** SUPPLIED INFORMATION **
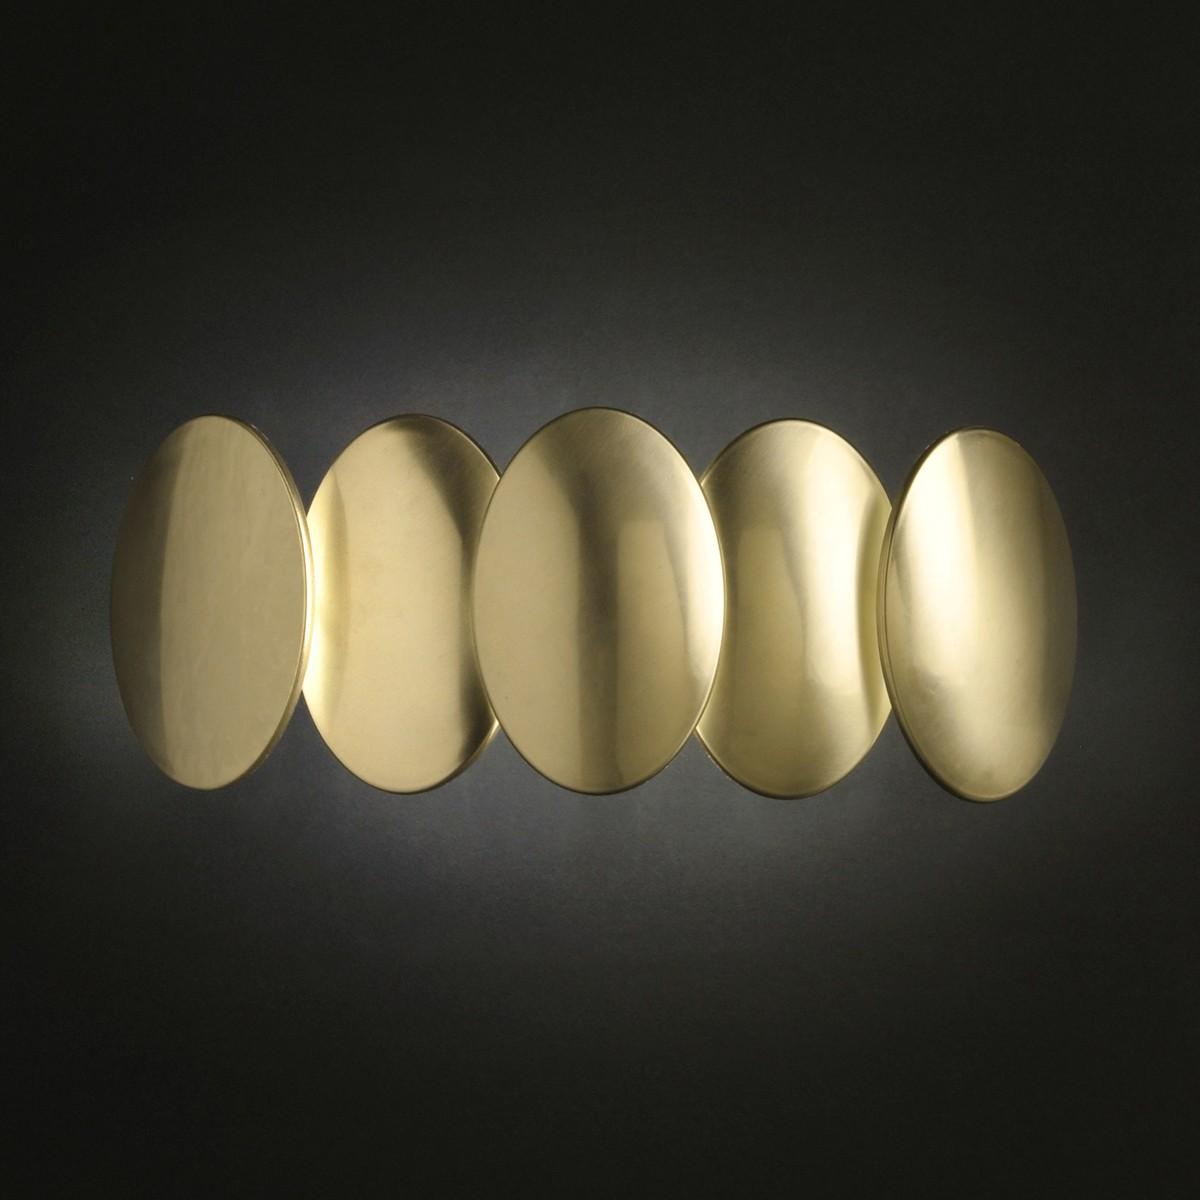 Milan Obolo Wandleuchte, 2-flg., Goldoptik gebürstet
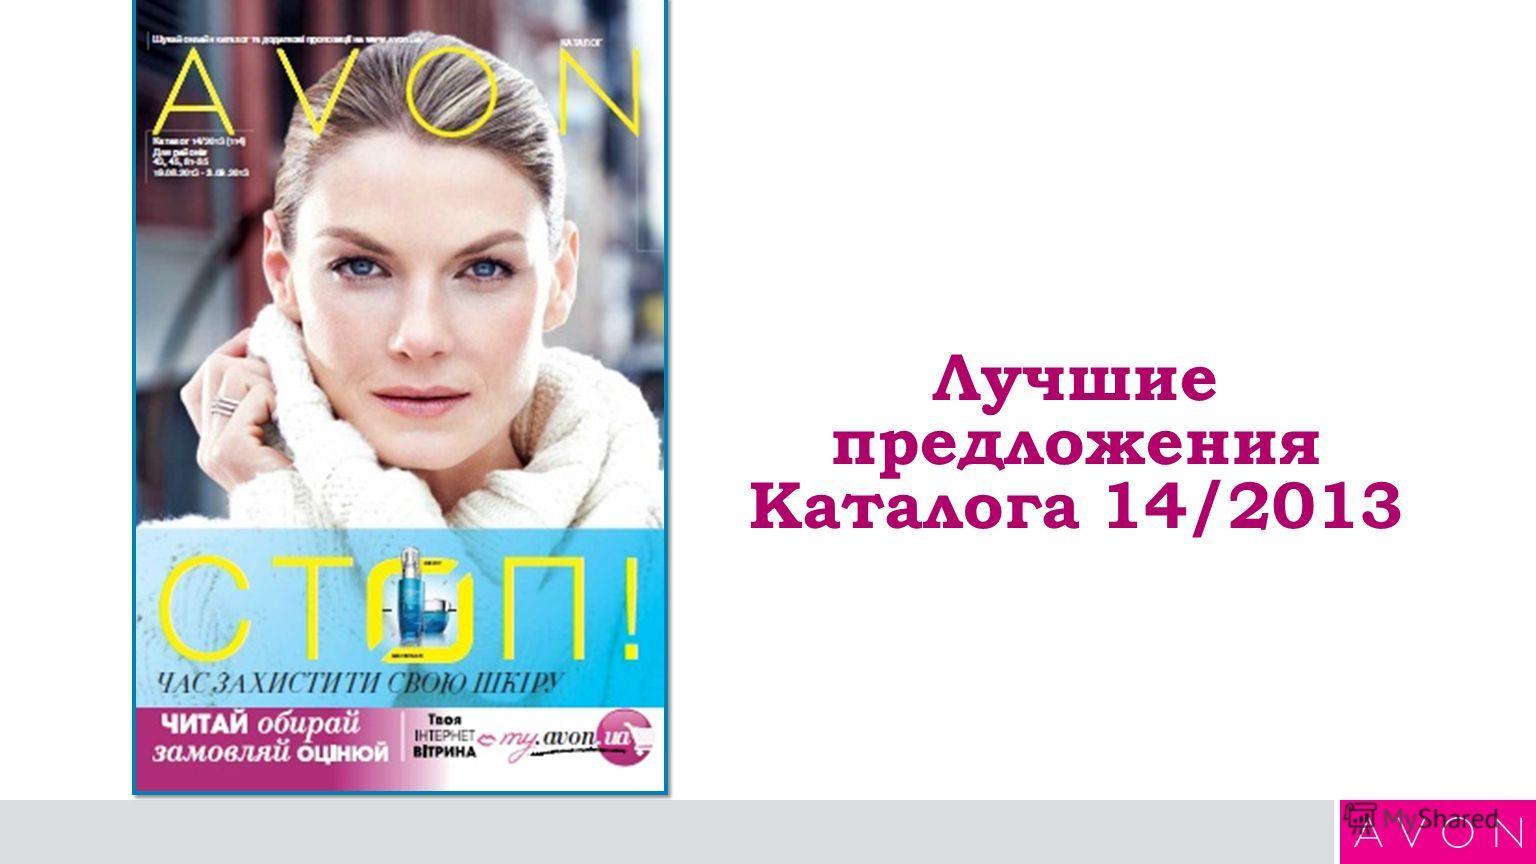 Лучшие предложения Каталога 14/2013
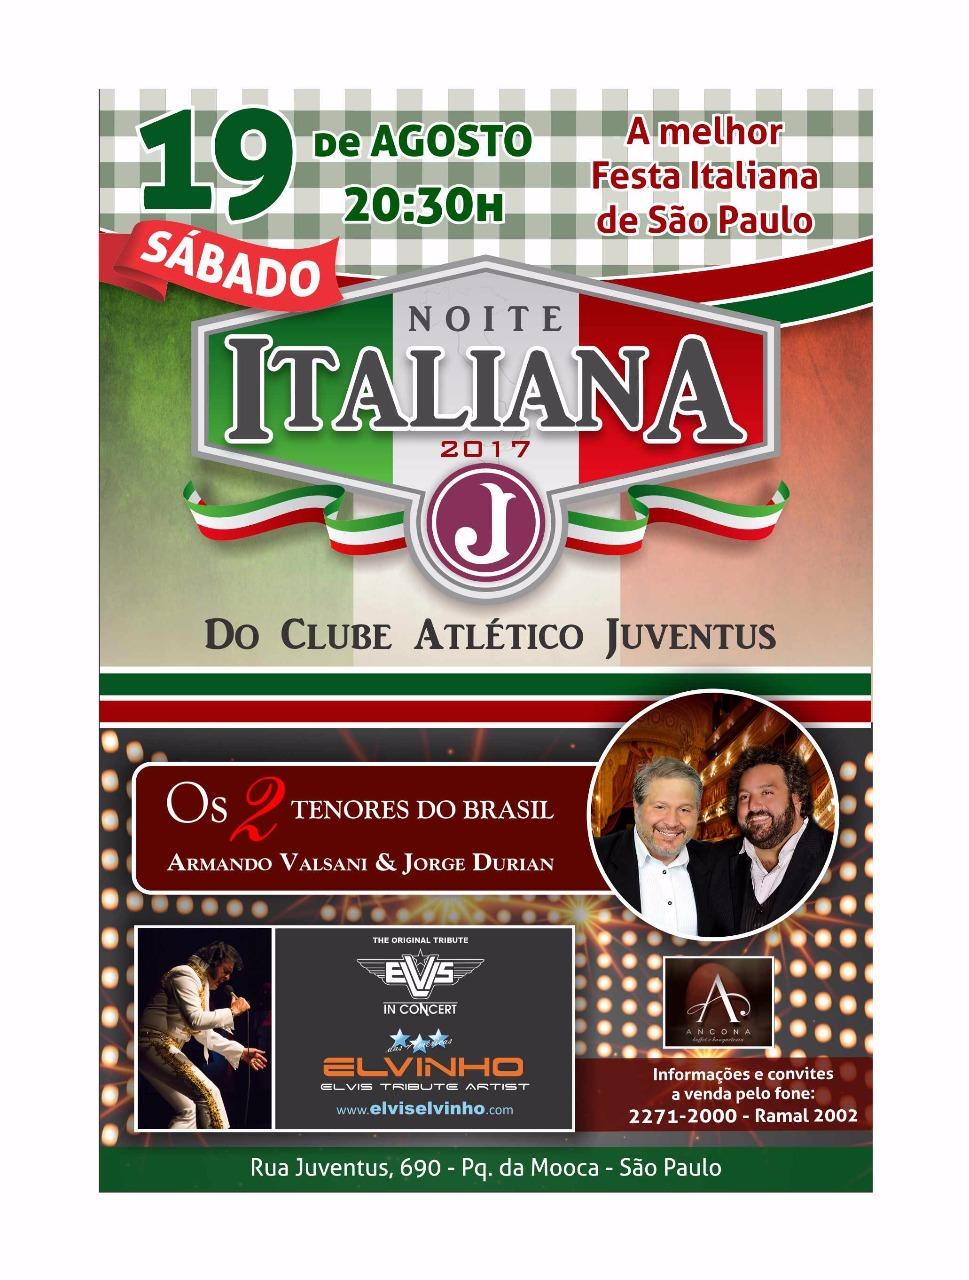 noite italiana 2017
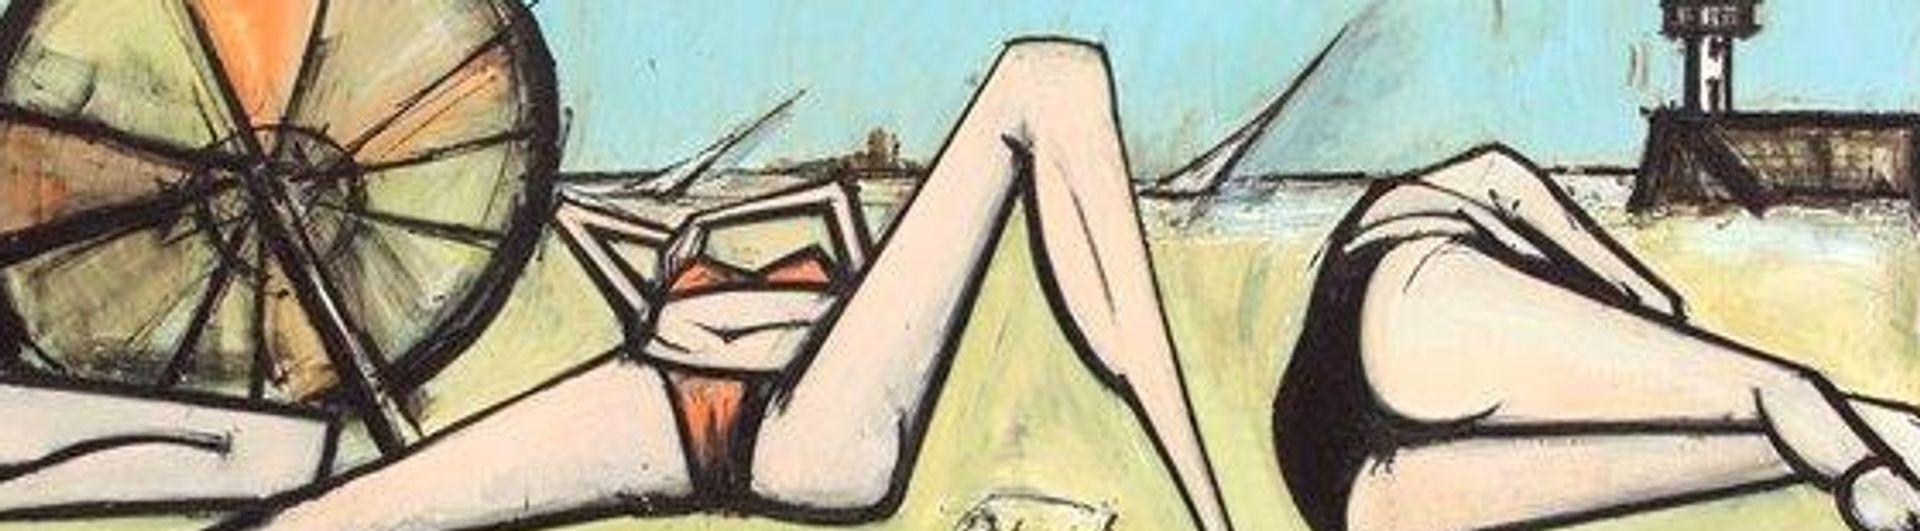 Bernard Buffet's Les plages, la grande plage (1967). Galerie Tamenaga

** AIM OF THE EXERCISE **
Quote the listing above in full, except for the pictures.

** YOUR SOLUTION **
 Milan Obolo Wandleuchte, 2-flg., Goldoptik gebürstet
 Лучшие предложения Каталога 14/2013
 noite italiana 2017
 Bernard Buffet's Les plages, la grande plage (1967). Galerie Tamenaga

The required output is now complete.